Meet Dr. Evgeniya Pechnikova, our new Senior Applications Development Scientist

We are happy to announce that DENSsolutions has expanded the team with a wonderful new colleague – Dr. Evgeniya Pechnikova.

In the pursuit to grow our applications development for the DENSsolutions Stream system and other future product lines, we recently welcomed Dr. Evgeniya Pechnikova to the team – our new Senior Applications Development Scientist. Evgeniya has years of experience and high-level technical expertise in electron microscopy (EM), including cryogenic-EM, tomography and data processing techniques. Her role at DENSsolutions will be focused on developing novel in situ liquid EM applications that demonstrate the power of our solutions. She will also be working on creating new techniques and methodologies that will support the research of our customers, as well as perfecting our demonstration and installation protocols. We are thrilled to have Evgeniya join the DENSsolutions family and look forward to the valuable contributions she will make to the team on both a personal and professional level. In this article, we have asked Evgeniya to introduce herself so you can learn more about her extensive experience and her new role at DENSsolutions.

Meet Dr. Evgeniya Pechnikova

“My name is Evgeniya Pechnikova, and I was born and raised in Moscow, Russia. I have a lot of love for adventure and history, and enjoy travelling around the world to explore ruins of ancient civilizations. I’m also an avid fan of photography, Latin social dances like salsa and tango, as well as playing badminton and a game known as ‘werewolves’!

I have always been drawn to different spheres of science. That is why for my higher education, I decided to enrol in Lomonosov Moscow State University‘s biological faculty. As they had a very broad program there, I had the opportunity to learn about a wide range of subjects, starting with mathematics and physics and ending up with biochemistry, plant physiology and even drawing.

During my master’s degree, I was introduced to the world of electron microscopy and was completely fascinated by its combination of science and photography – two topics that have always been a passion of mine. To add another dimension to my work, I found a PhD position in the field of cryo-EM and 3D reconstruction, working on investigating the structure and function of capsids of a helical plant virus. My PhD project was a result of a collaboration between Lomonosov Moscow State University, Institute of Crystallography in Moscow and Birkbeck, University of London. During this PhD, I worked in close collaboration with structural biologists that were highly experienced in cryo-EM and image processing before the new detector technology popularised the technique to a broader base of scientists. This was an incredibly enriching experience and certainly shaped my career path moving forward.

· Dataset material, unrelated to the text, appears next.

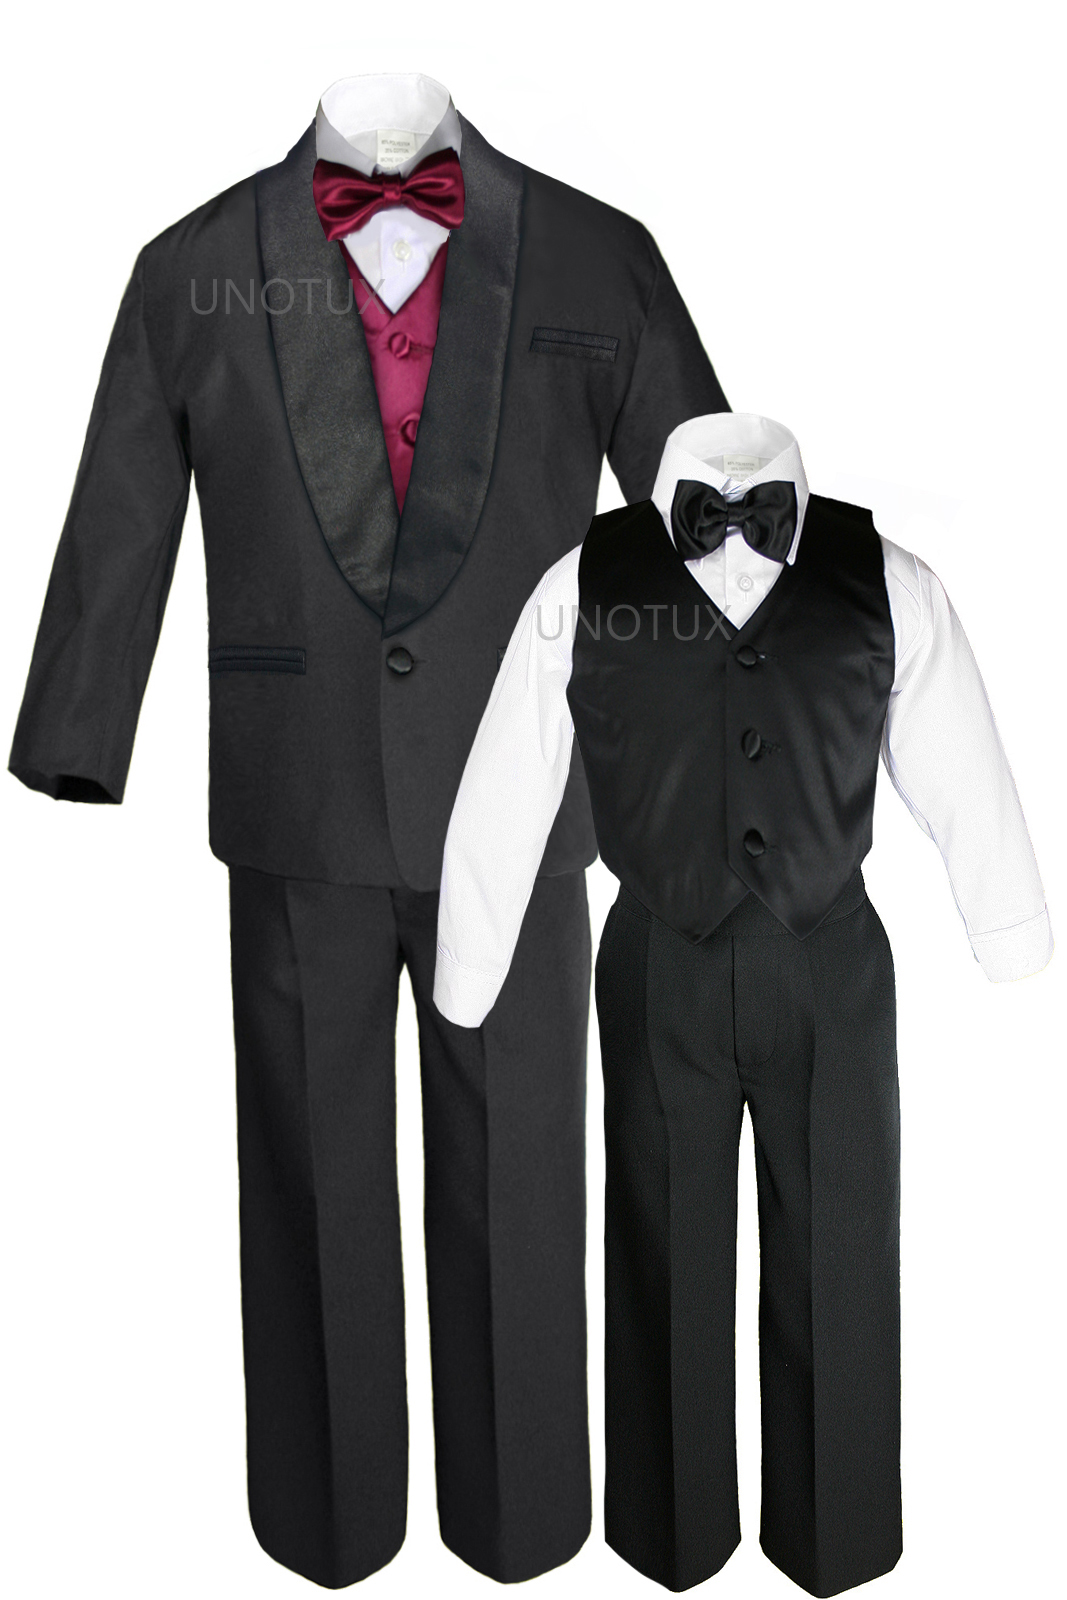 Unotux S M L XL 2T 3T 4T Baby Infant Toddler Black Formal Wedding Party Boy Shawl Lapel Suit Tuxedo Outfit 7pc Burgundy Vest Set

After completing my PhD, I joined Thermo Fisher Scientific in the Netherlands where I worked as an Applications Scientist in the Eindhoven NanoPort facility – a state-of-the-art electron microscopy facility that provides users with hands-on experience with numerous analytical techniques. During this role, I was responsible for providing training and demonstrations for life science TEM equipment. I was also in frequent collaboration with the R&D department to translate customer needs into applications development, and to test new hardware and software tools. As a result of this work, I was able to play a role in accelerating the new-resolution revolution that has bloomed in cryo-EM over the past couple years. Importantly, this role made me realize that trying new tools to solve long-standing problems is what excites me most. 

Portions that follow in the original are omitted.